PROVIDED DATA =>
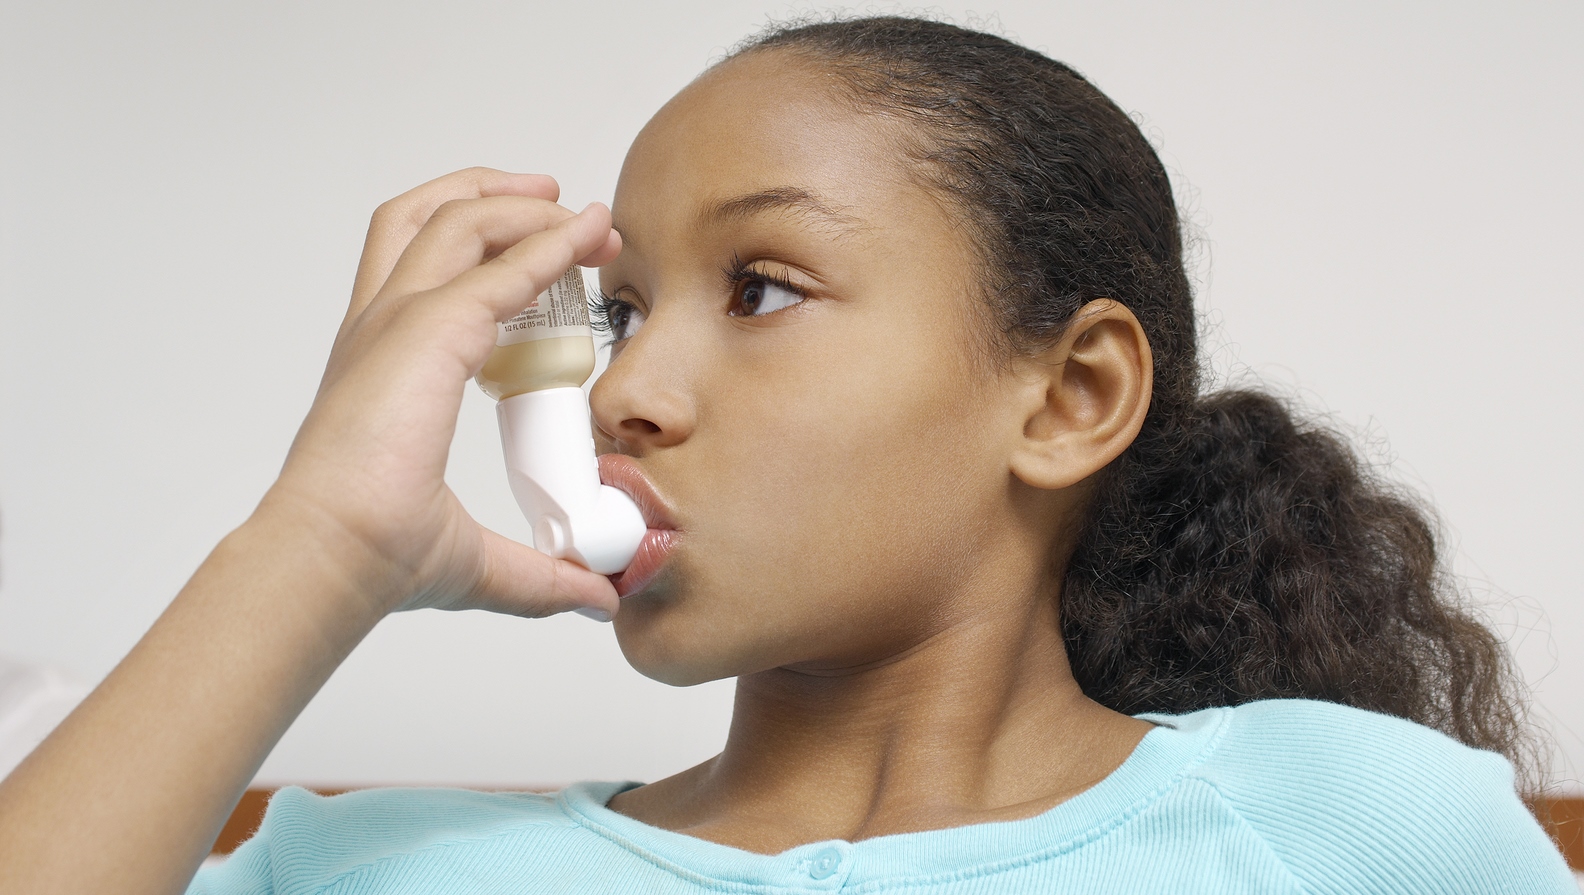 bigstock-Portrait-of-a-girl-using-asthm-41601367
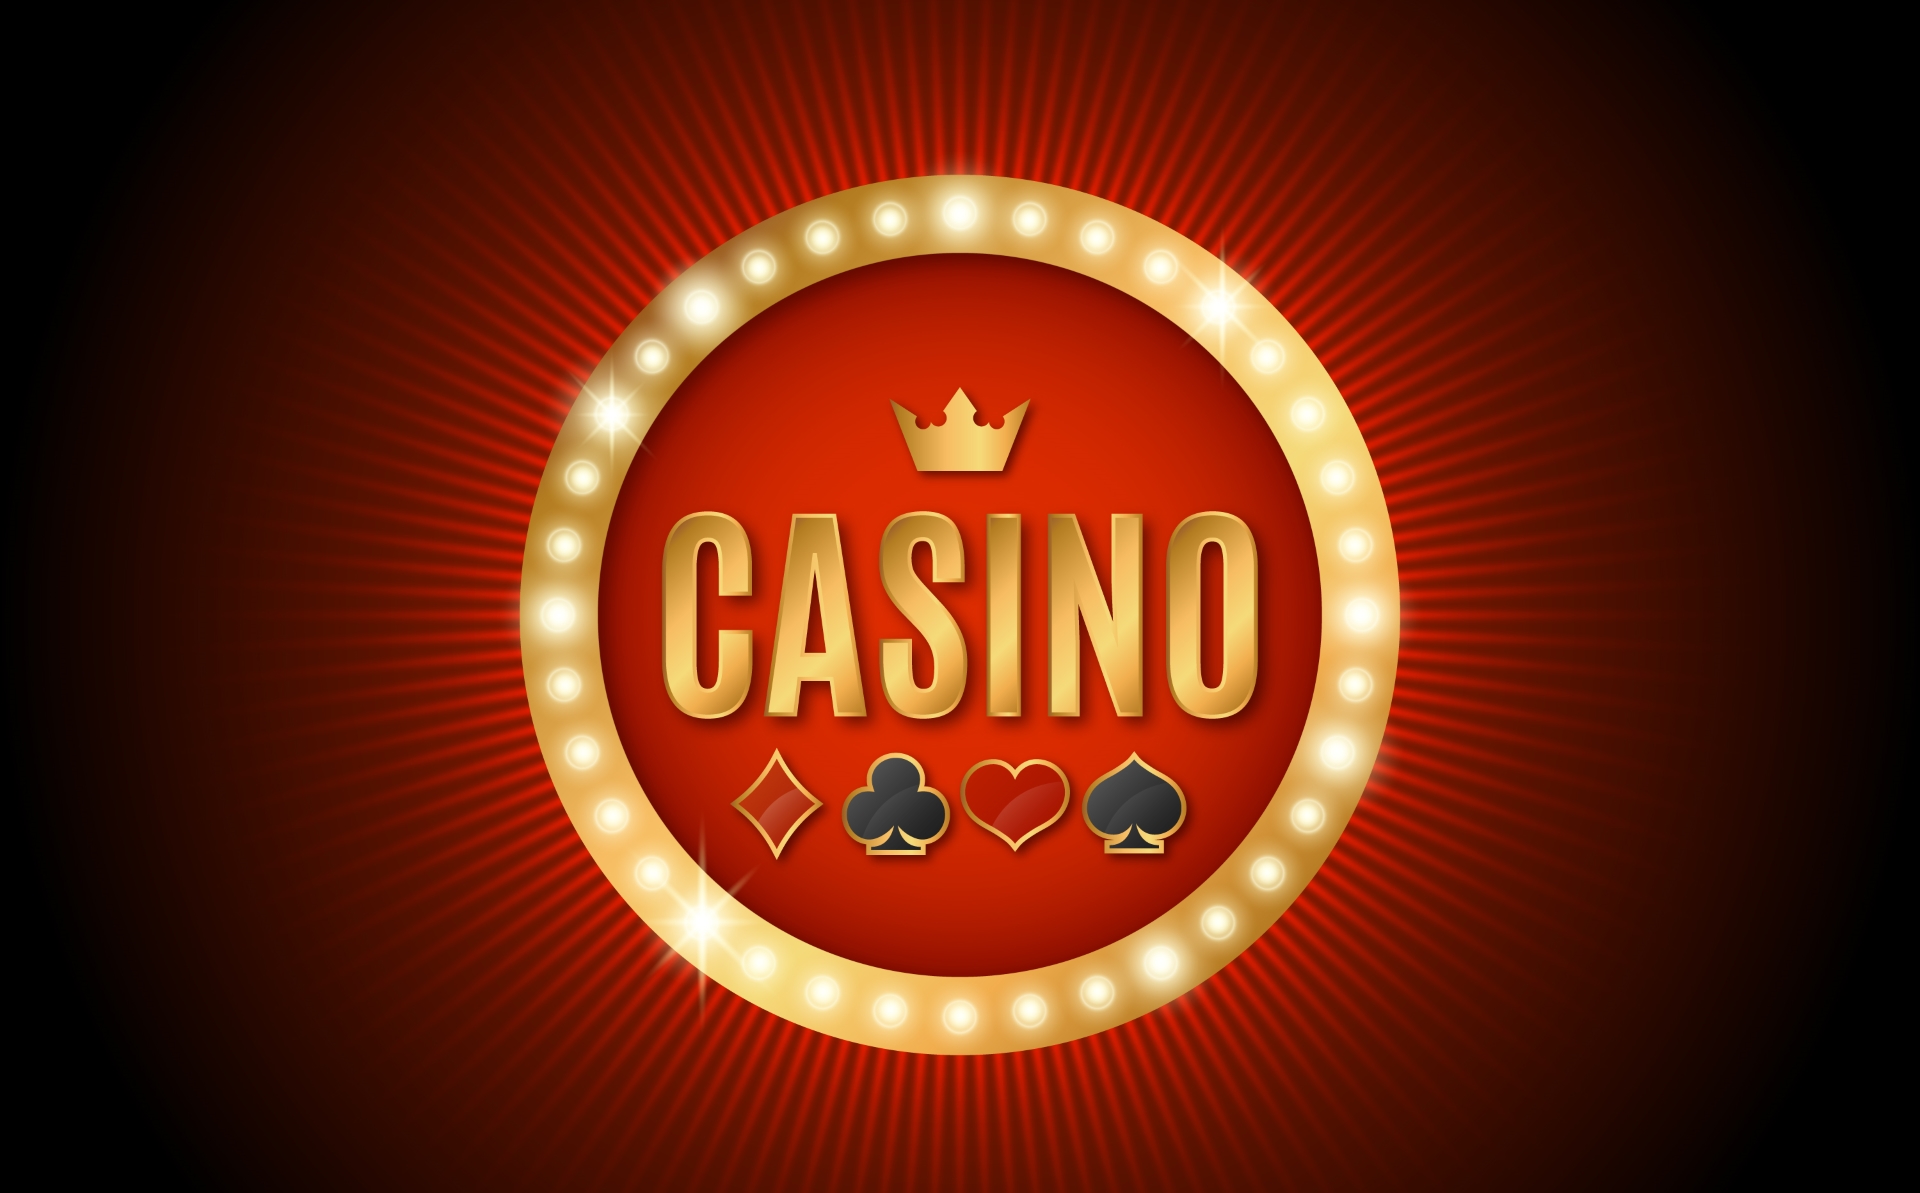 Daddy casino apk. Казино. Логотип казино. Вывеска казино. Casino com логотип.
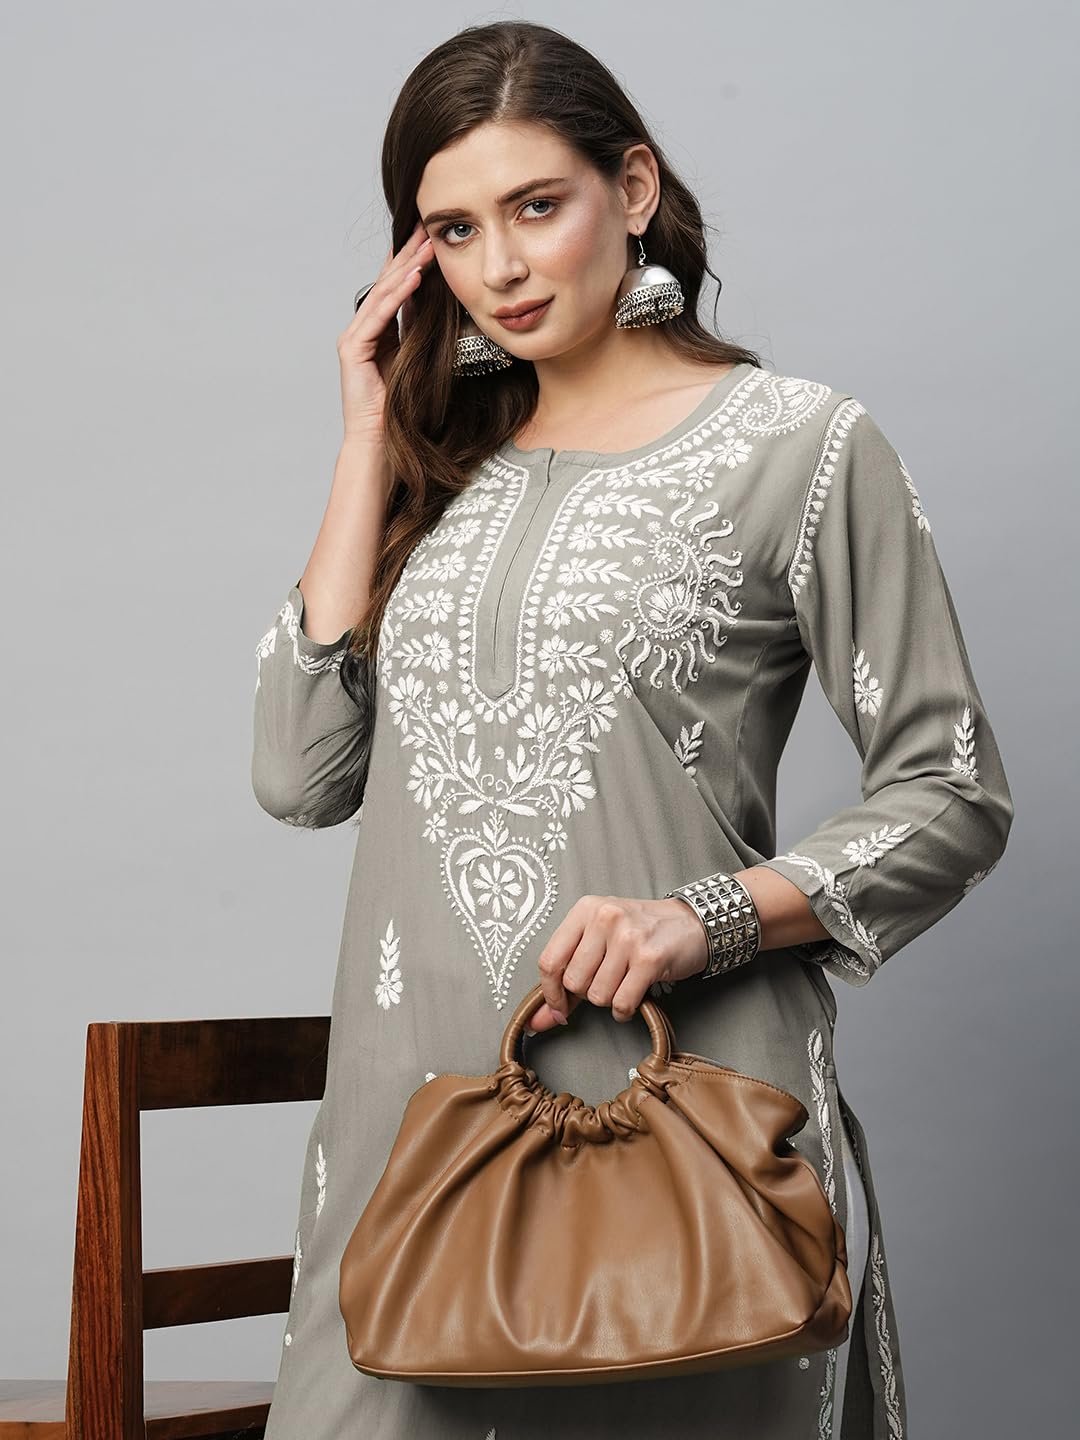 Ada Hand Embroidered Ethnic Wear Straight Rayon Lucknow Chikankari Kurta Kurti Tunic for Women A411492 Grey (M)

AIM OF THE EXERCISE =>
Please transcribe the lines from the one containing "Daddy casino apk." to the last line of the listing, both included, exactly and with nothing added, leaving every picture out.

TASK RESPONSE =>
 Daddy casino apk. Казино. Логотип казино. Вывеска казино. Casino com логотип.
 Ada Hand Embroidered Ethnic Wear Straight Rayon Lucknow Chikankari Kurta Kurti Tunic for Women A411492 Grey (M)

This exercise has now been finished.